The campaign would mirror the one in Gaza, in which Israeli forces flattened and largely depopulated the eastern half of the Palestinian territory, Katz said on Tuesday.
Israel has said it won’t withdraw from the enclave until Hamas disarms as part of a US-brokered ceasefire deal.
“We have ordered an acceleration in the destruction of Lebanese homes in contact-line villages to neutralise threats to Israeli communities, in accordance with the model of Beit Hanoun and Rafah in Gaza,” Katz said, referring to border towns that were largely obliterated.
From one war to the next
After a 2024 ceasefire halted Israel’s last war with Hezbollah, Israeli forces gradually withdrew from southern Lebanon except for five strategic hilltops along the border.
Lebanese returned to find that homes, infrastructure, and some entire villages destroyed.
Israel said it had dismantled Hezbollah infrastructure that could have been used to launch an Oct. 7-style attack, and it continued to strike what it said were militant targets on a near-daily basis after the truce.
Hezbollah resumed it attacks after Israel and the United States launched the war with Iran on Feb. 28, accusing Israel of having repeatedly violated the ceasefire.
Israel accused Lebanon’s government of failing to carry out its pledge to disarm Hezbollah, despite its unprecedented steps toward criminalising the group.
In the latest fighting, Israel has launched blistering air raids across Lebanon, killing more than 1,000 people — mostly outside of the border area — and displacing over a million.
It has warned residents to evacuate a wide swath of the south, extending from the border to the Zahrani River, some 55 kilometres (34 miles) away.
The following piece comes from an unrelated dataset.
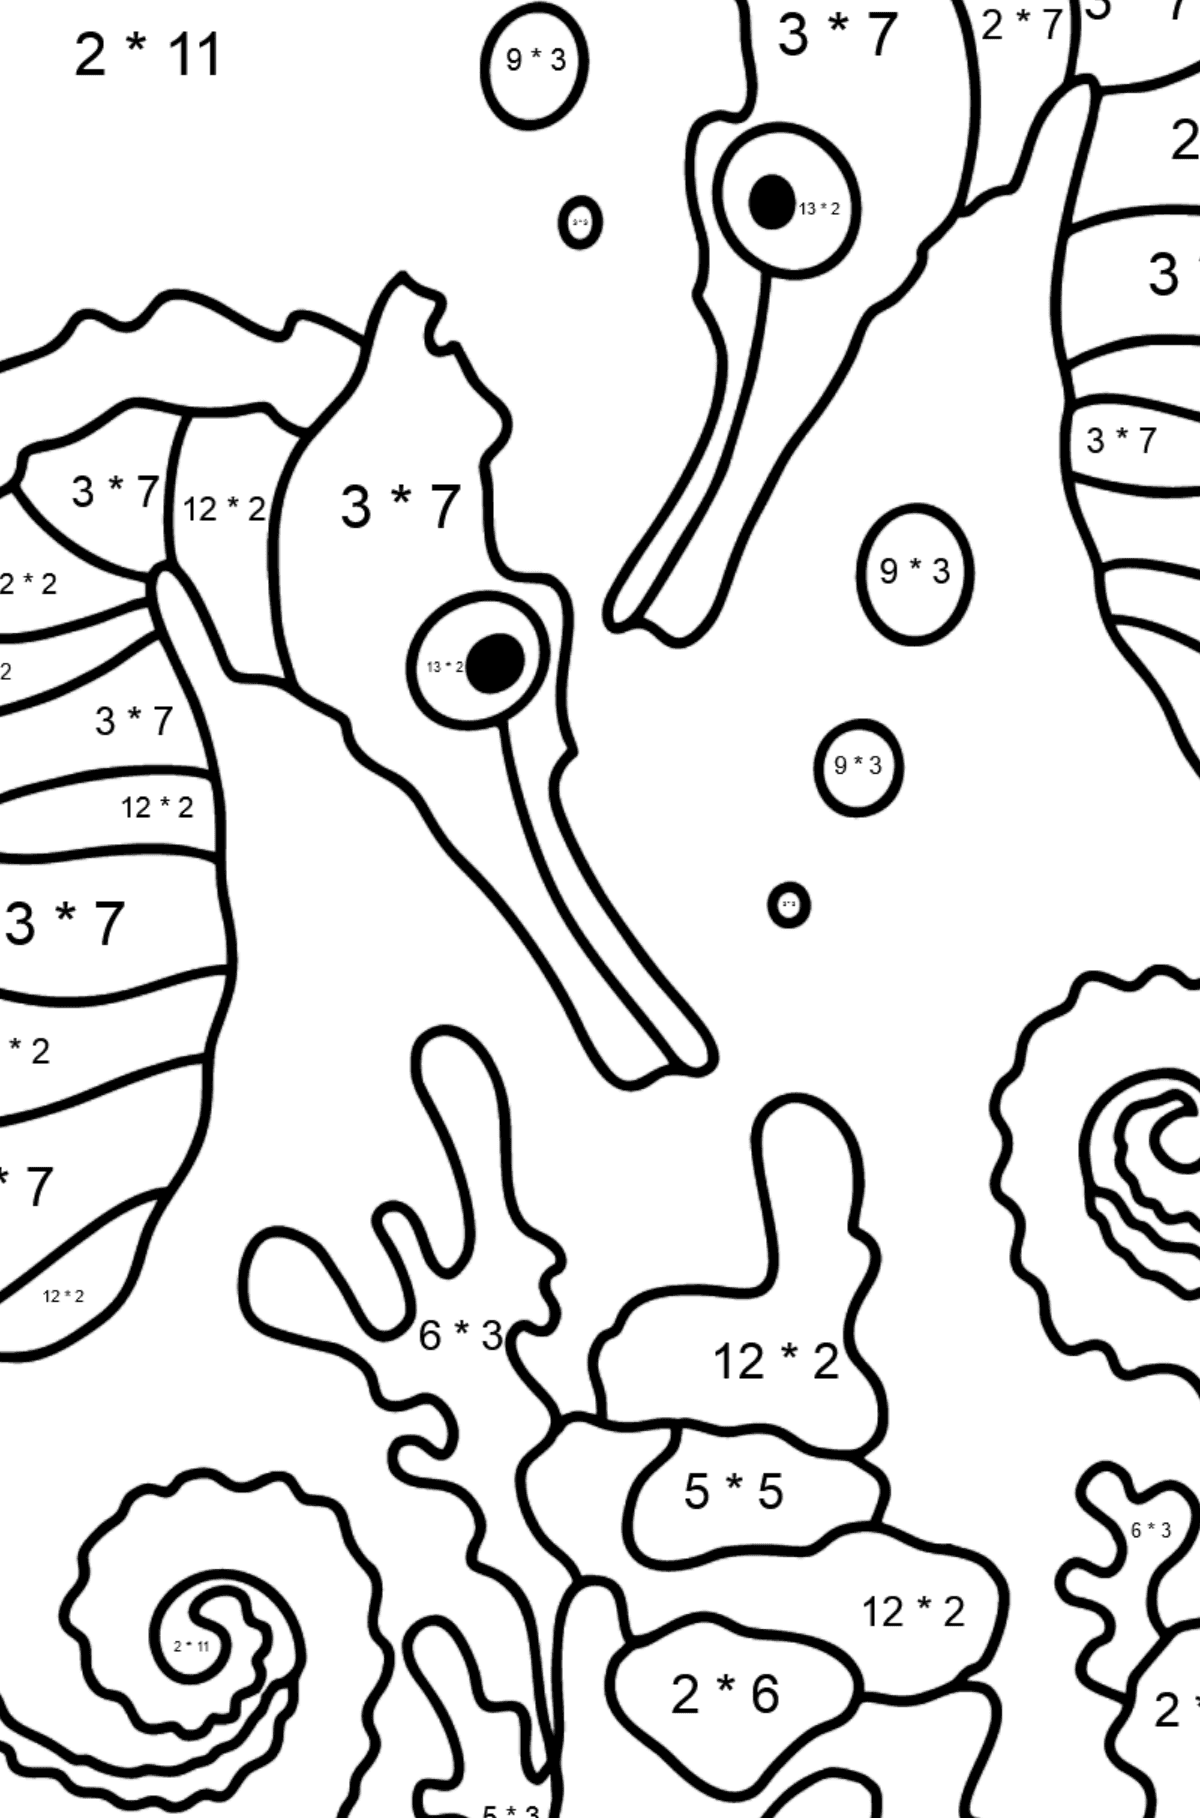 Dibujos para colorear caballitos de mar (difícil) - Colorear con Matemáticas - Multiplicaciones para Niños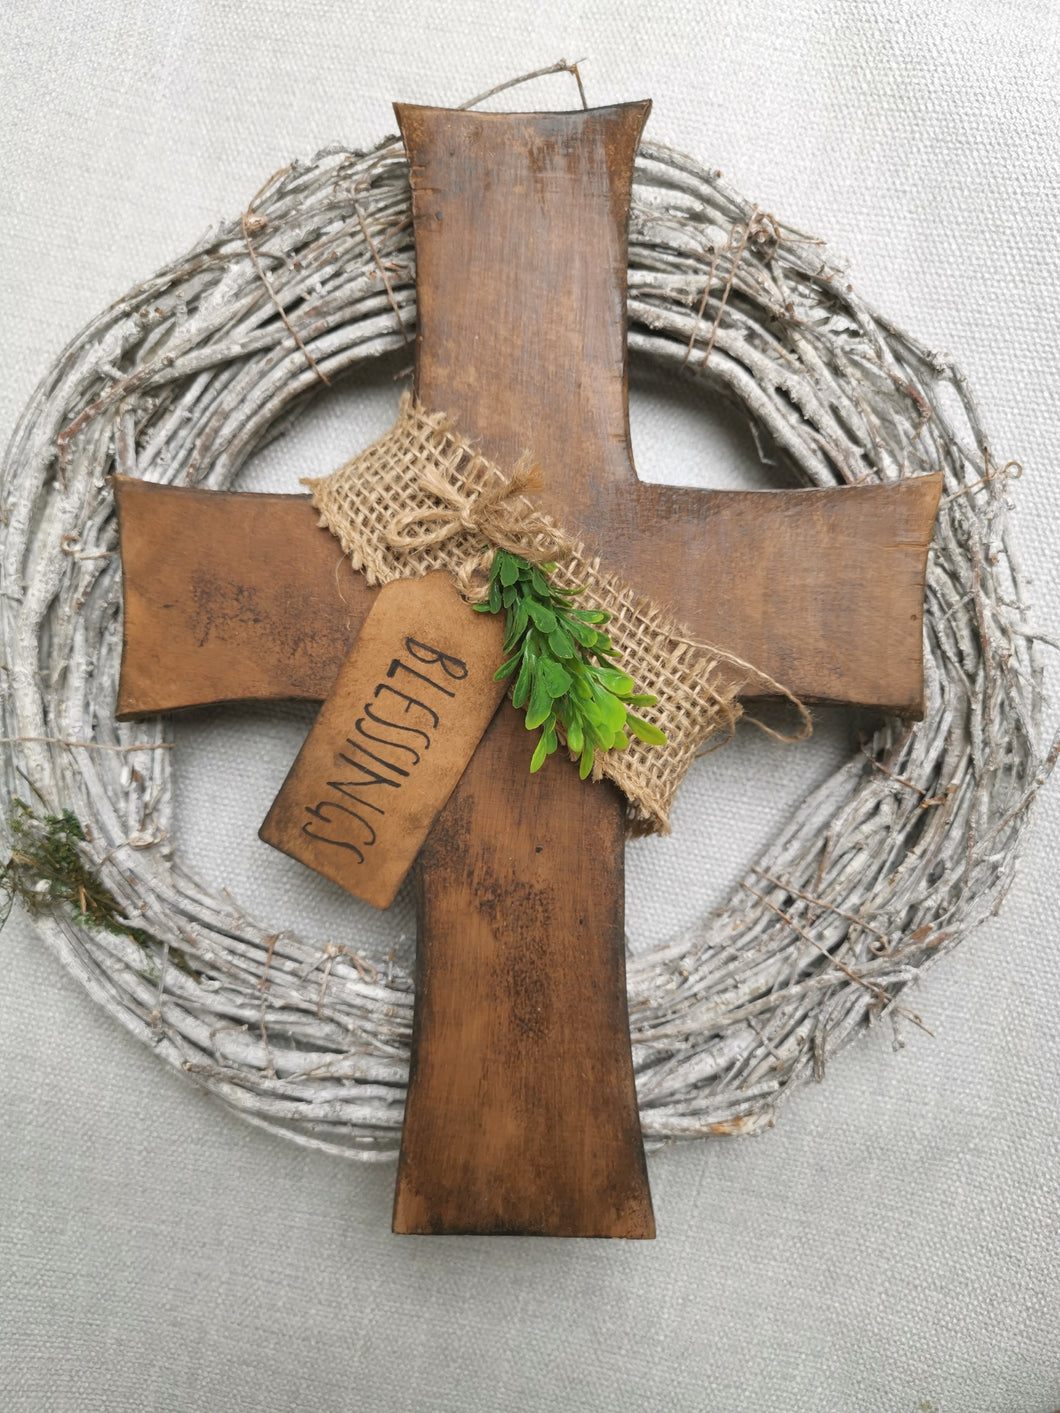 Primitive decorative Cross

The Israeli military says it has launched a limited ground operation. Political leaders speak of more ambitious plans.
Bezalel Smotrich, Israel’s far-right finance minister and a member of its Security Cabinet, said this week that the current war must end with “fundamental change.”
“The Litani must be our new border with the state of Lebanon,” he said.
Echoes of an earlier occupation
Israel invaded southern Lebanon in 1982 during the country’s civil war. Hezbollah, established that year, waged a guerrilla campaign that eventually ended the Israeli occupation in 2000.
This time around, Israel has bombed seven bridges over the Litani, the northern edge of a UN-patrolled buffer zone established after previous conflicts. Israel says Hezbollah was using the bridges to move fighters and weapons, and that its military will control the remaining crossings.
Heavy fighting has meanwhile erupted in the town of Khiam, the fall of which would cut off the south from Lebanon’s eastern Bekaa Valley, another area with a large Hezbollah presence.
After the bridges were bombed, Lebanese President Joseph Aoun accused Israel of seeking to sever the south from the rest of the country “to establish a buffer zone, entrench the reality of occupation, and pursue Israeli expansion within Lebanese territories.”
UN peacekeepers say the bombing of the bridges and ongoing clashes have hindered their operations and put personnel at risk.